Дело тамплиеров — страница 16 из 24


Этому тезису противоречат к тому же следующие замечания.

Прежде всего, как я уже это сказал, мы не встречаем у тамплиеров никакого посвящения, которое могло бы потребоваться для принятия новой веры, никакого образования, сопоставимого с тем, которому катары законно придавали такое значение.

Во-вторых, заметим, что если орден впал в катарскую ересь, то произошло это задолго до процесса. Но для этого было бы не достаточно допустить временное влияние нескольких преследуемых катаров, нашедших пристанище в ордене Храма, и следует предположить, что его руководители уже давно перешли в катарскую веру. Однако не кажется, чтобы во время гонений на катаров орден, даже скрытно, выступал на их стороне.

Заметим к тому же, что инквизиторы проявляли большую бдительность в отношении доктрины и практики катарской церкви: это был наиболее часто встречающийся предмет их расследований. Как же судьи в Сансе не подумали установить связь между ересью, которую они только что открыли, и той, которая была им так хорошо знакома? Мы не видим ни одного вопроса, ни одного намека, которые позволили бы думать, что аналогии, найденные так поздно нашими историками XIX или XX в., удивили бы дознавателей или просто привлекли бы их внимание.

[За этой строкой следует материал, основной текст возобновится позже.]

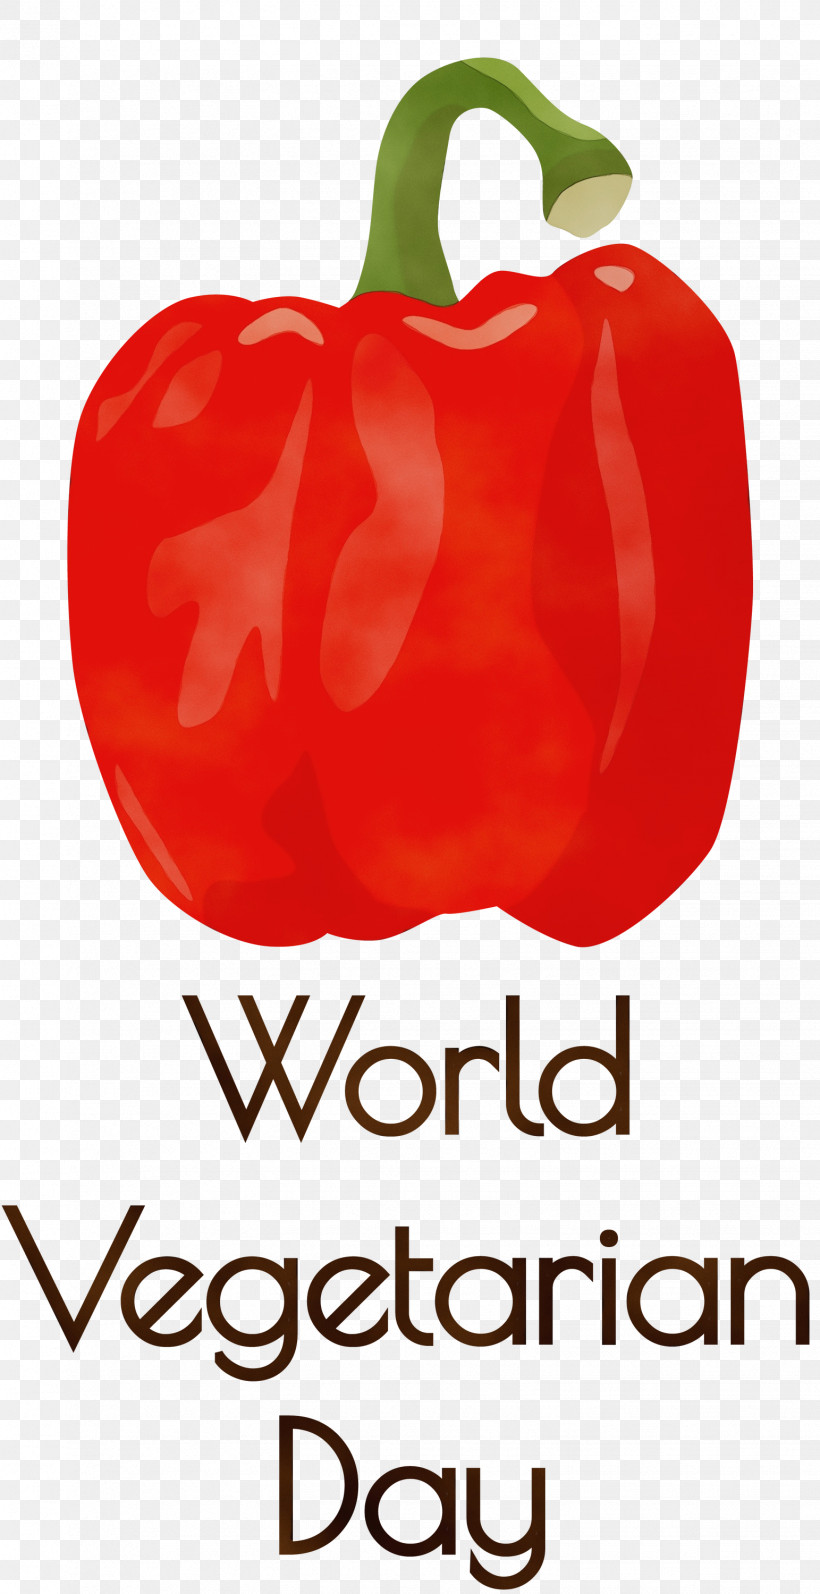 Bell Pepper Habanero Chili Pepper Paprika, PNG, 1543x3000px, World Vegetarian Day, Bell Pepper, Chili Pepper, Habanero, Local Food Download Free
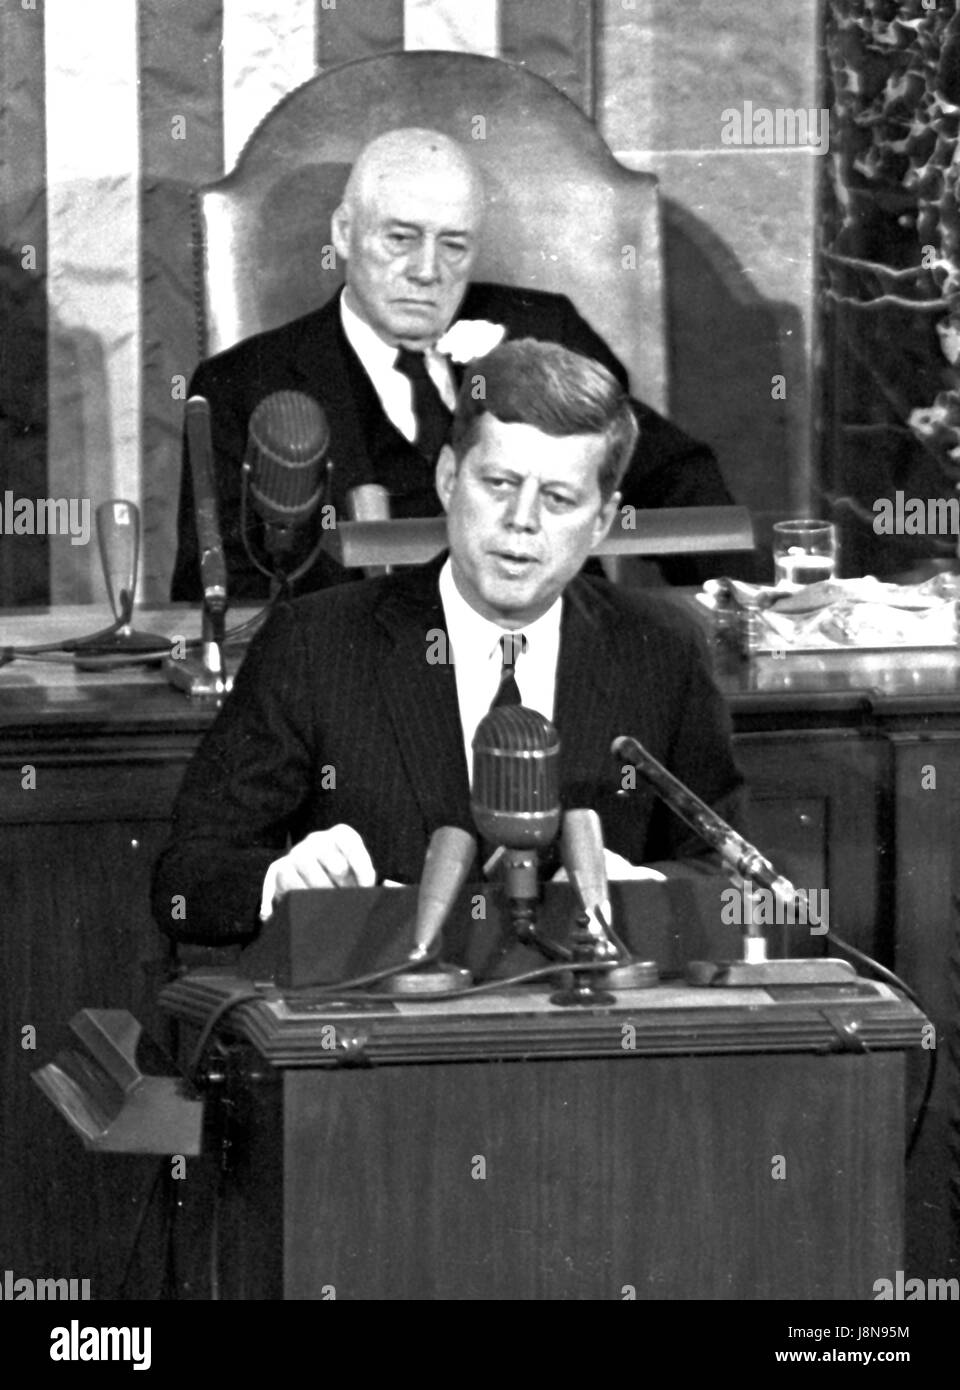 United States President John F. Kennedy outlined his vision for manned exploration of space to a Joint Session of the United States Congress, in Washington, DC on May 25, 1961 when he declared, '...I believe this nation should commit itself to achieving the goal, before this decade is out, of landing a man on the Moon and returning him safely to the Earth.' This goal was achieved when astronaut Neil A. Armstrong became the first human to set foot upon the Moon at 10:56 p.m. EDT, July 20, 1969.  Shown in the background is Speaker of the House Sam T. Rayburn (Democrat of Texas).  Credit: Arnie S Stock Photo

Наконец, и это главное препятствие, катары соблюдали жизненное правило, столь отличное от жизни тамплиеров. Храмовники вовсе не соблюдали обет бедности и их богатство возмущало; они чрезмерно много ели и пили, в противоположность аскетам Монсегюра. Исключение общения с женщинами не может рассматриваться как общая характеристика, иначе пришлось бы подозревать в катарской ереси все религиозные ордена! Более того, тамплиеры, в отличие от катар, соблюдали церковные обряды, присутствовали на мессе, исповедовались и особенно практиковали соборование. Известно, что у катар существовало одно таинство, но самое главное, «consolamentum», даваемое умирающим, без которого они не могли достигнуть благодати. Даже если отправляя мессу они разыгрывали комедию, тамплиеры, перешедшие в катаризм, не могли бы обойтись без «consolamentum». Однако Моле и Шарне умерли по-христиански и никогда никто из братьев ордена не просил ни о какой другой помощи перед смертью, кроме помощи католического священника.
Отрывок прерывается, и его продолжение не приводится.